**WORK REQUEST:**
Go through the listing below and repeat it exactly, dropping the pictures.

**DATASET CONTENT:**
-*-*-
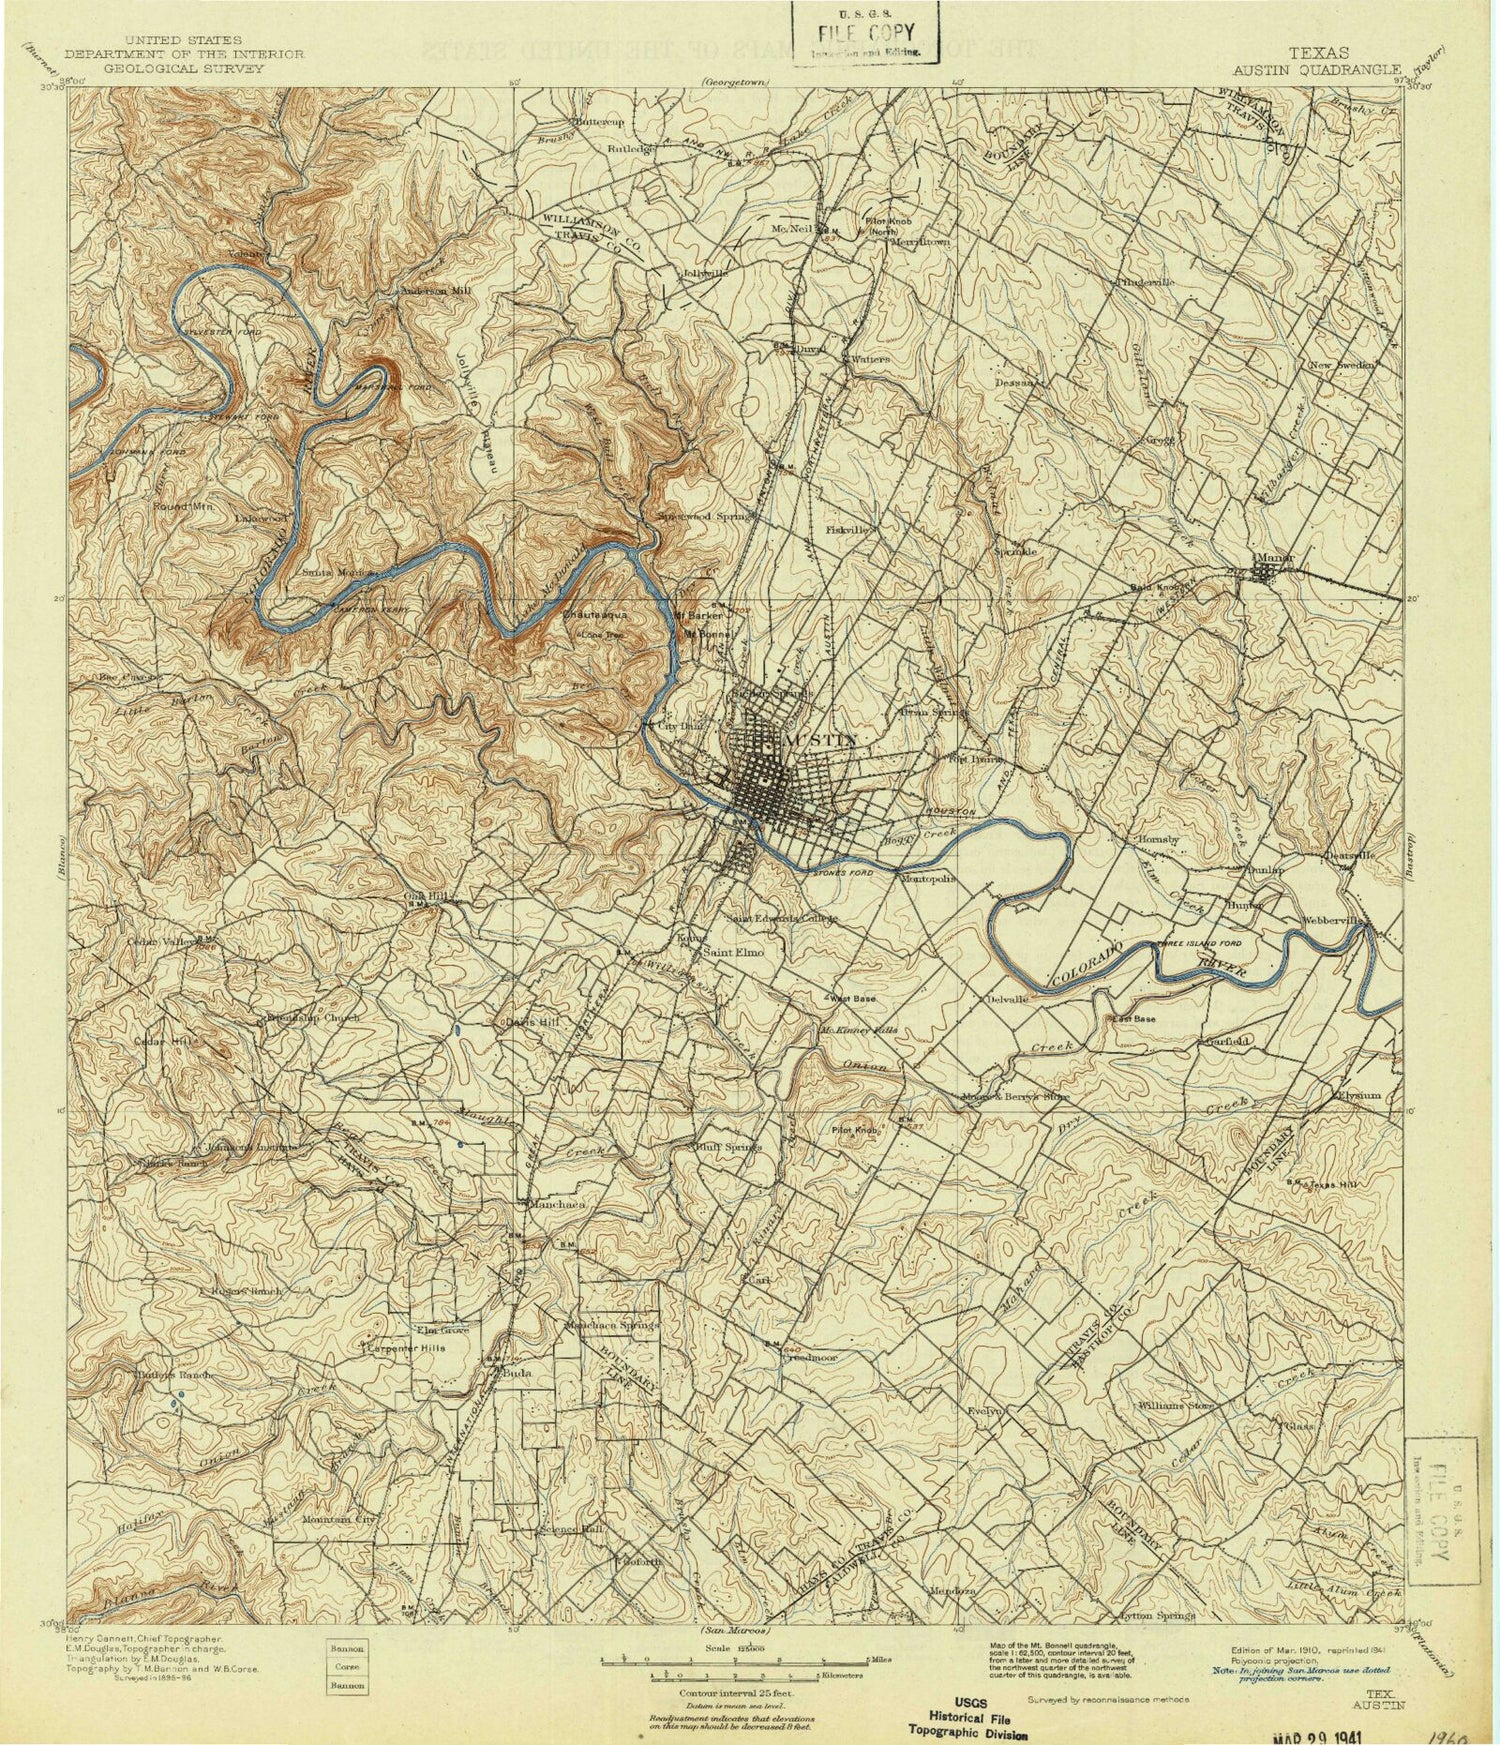 Historic 1910 Austin Texas 30'x30' Topo Map Image
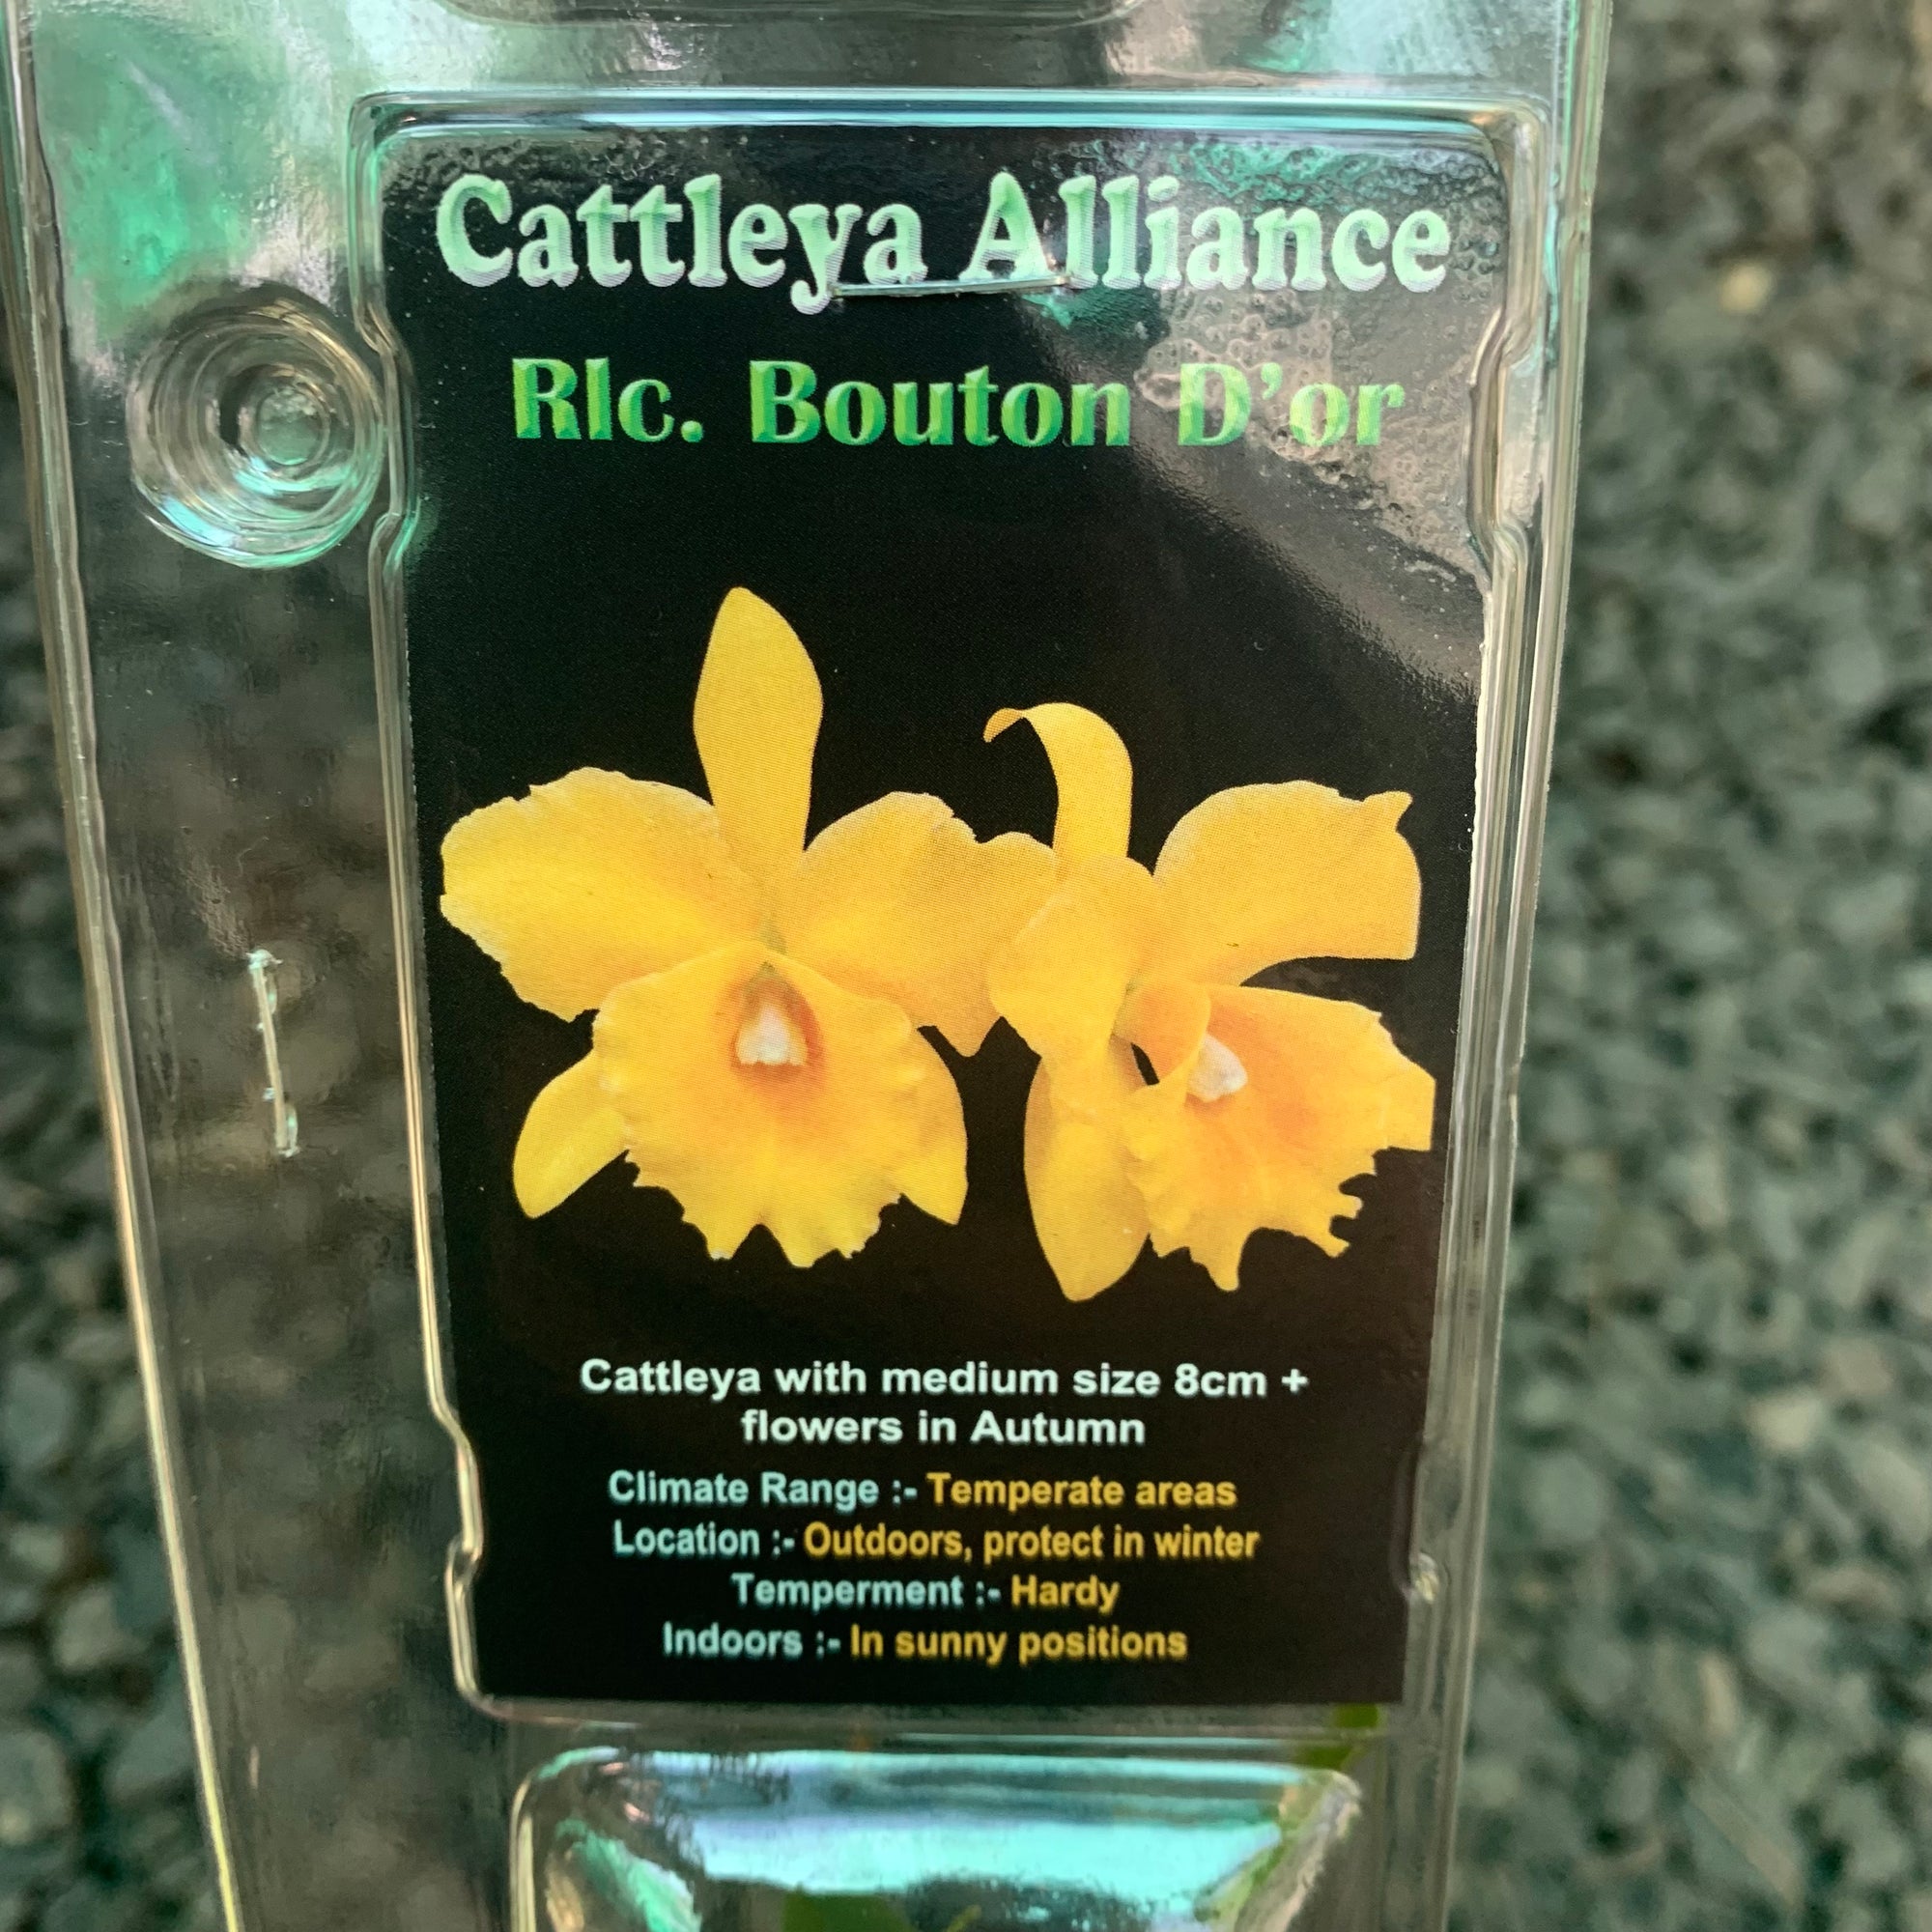 Orchid - Cattleya Alliance ‘Rlc. Boulton D’or
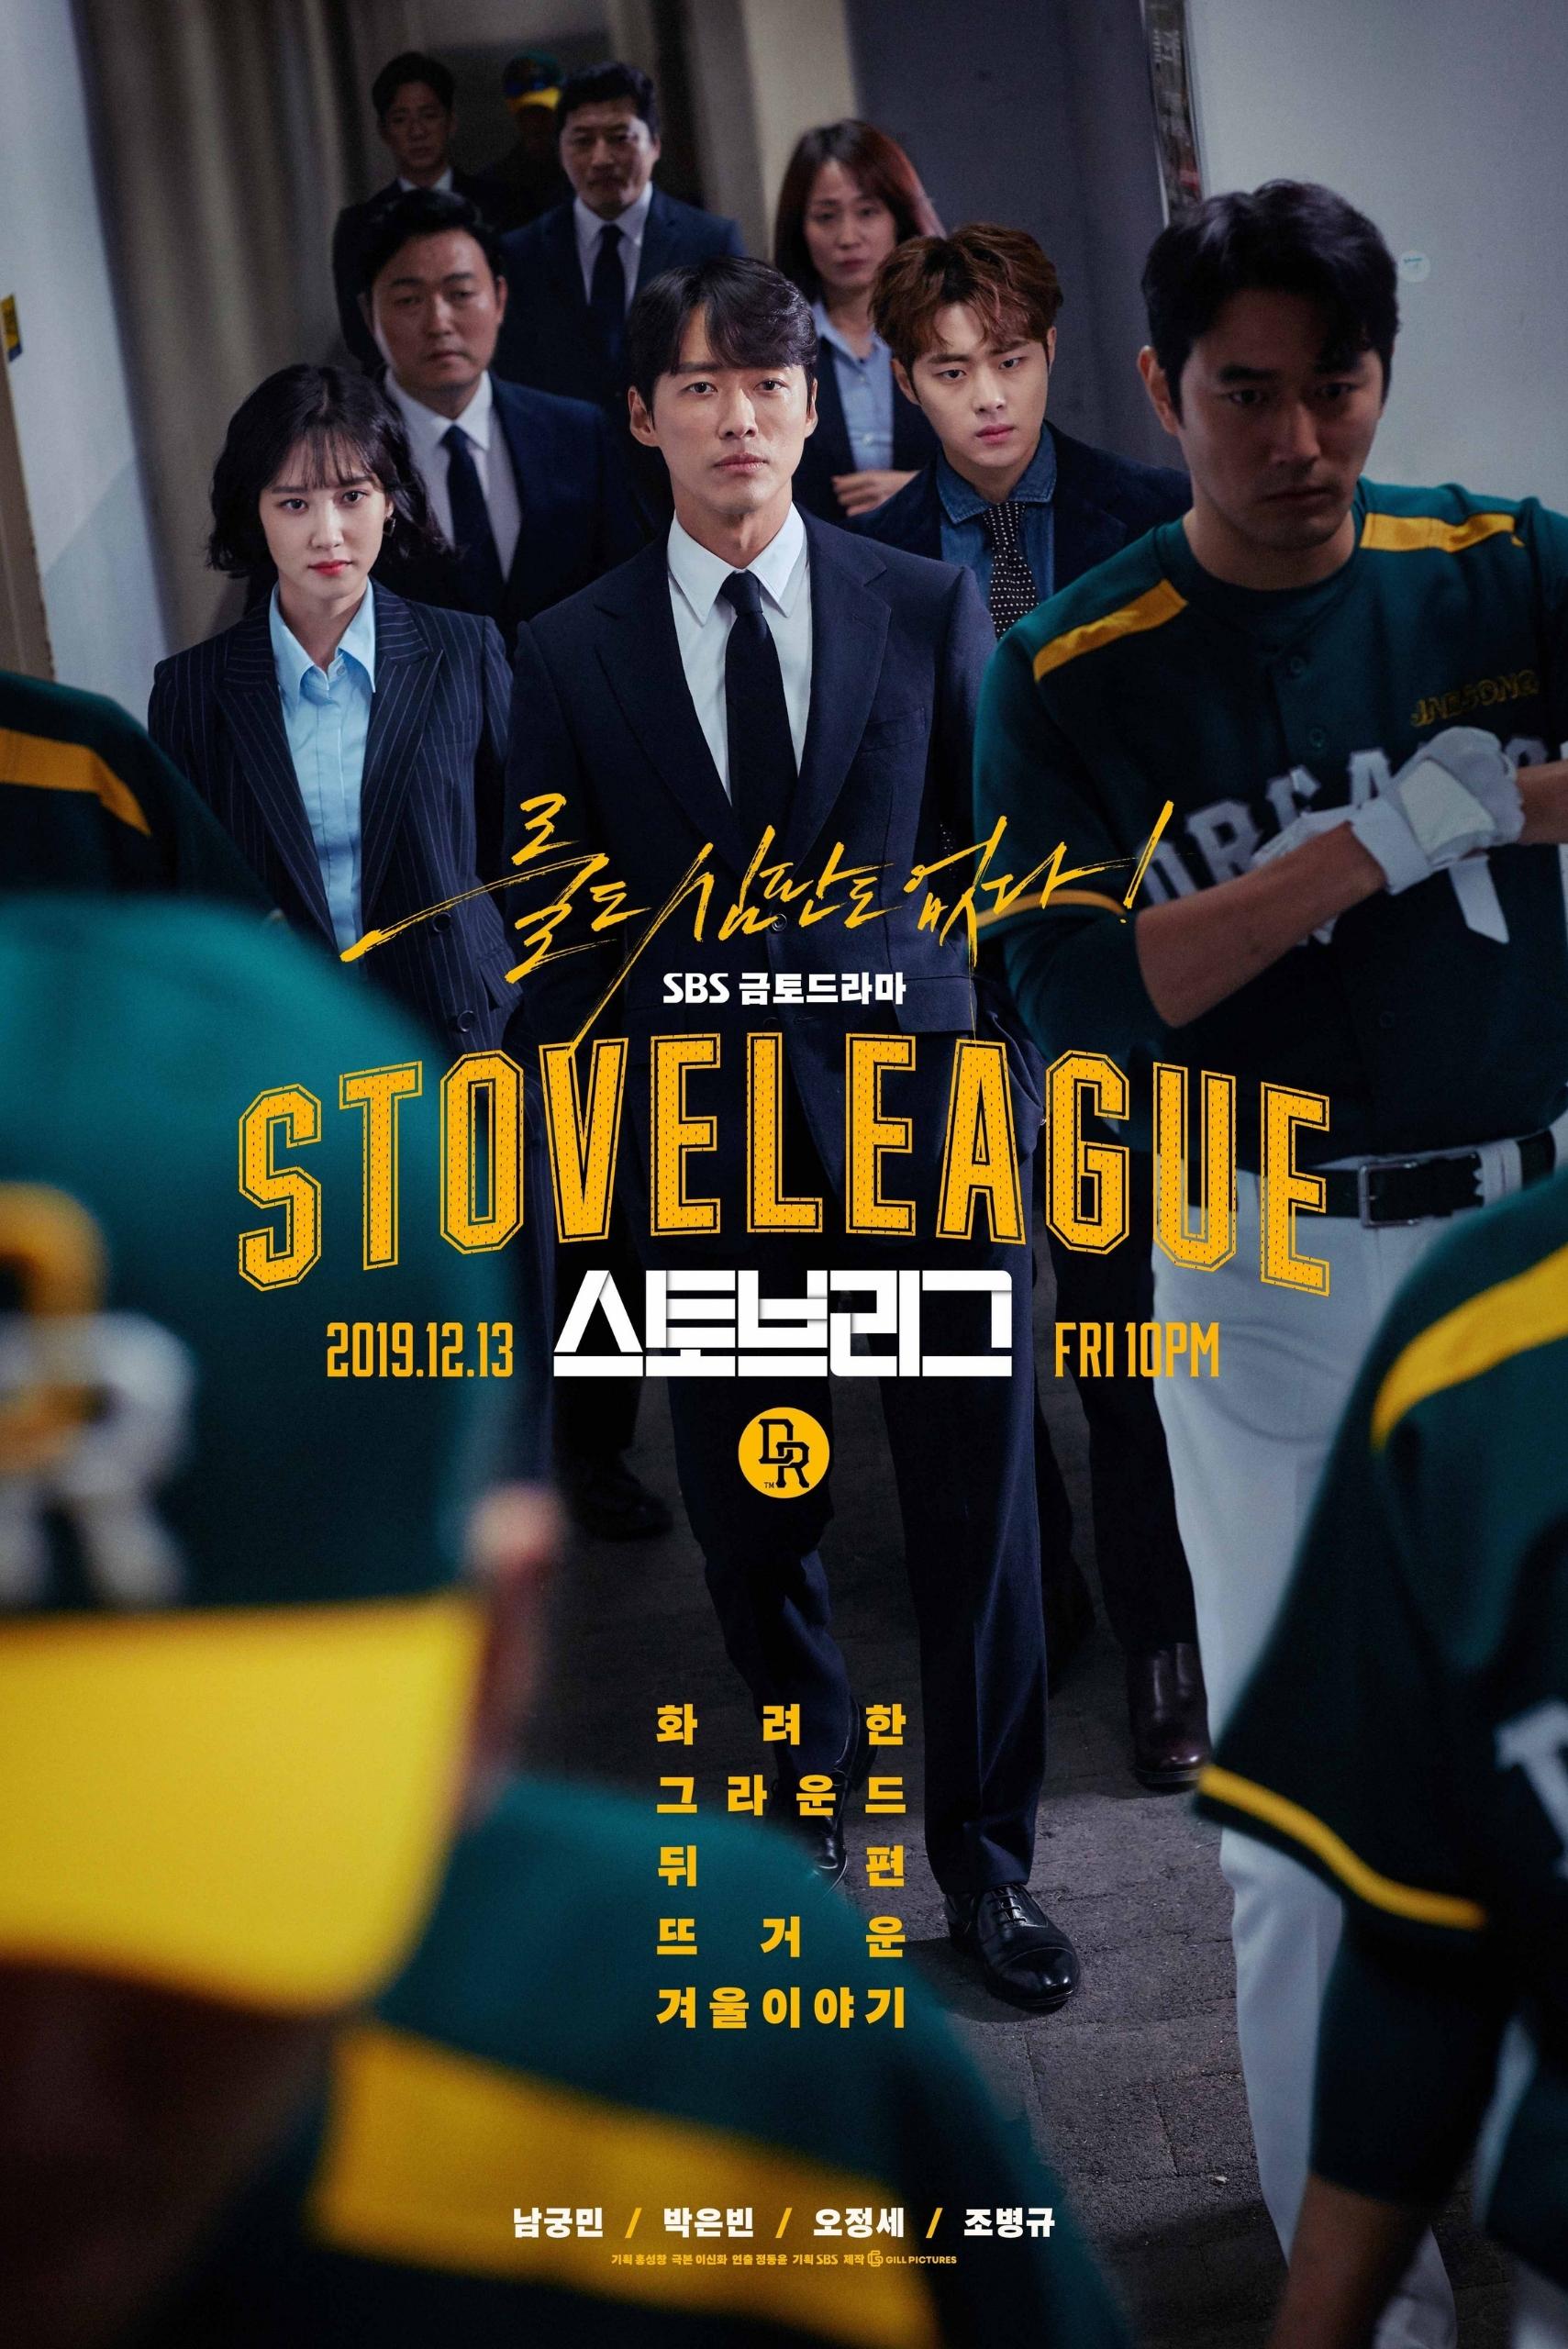 phim Hot Stove League do Park Eun Bin đóng vai chính
-*-*-
**SOLUTION:**
 Historic 1910 Austin Texas 30'x30' Topo Map Image
 Orchid - Cattleya Alliance ‘Rlc. Boulton D’or
 phim Hot Stove League do Park Eun Bin đóng vai chính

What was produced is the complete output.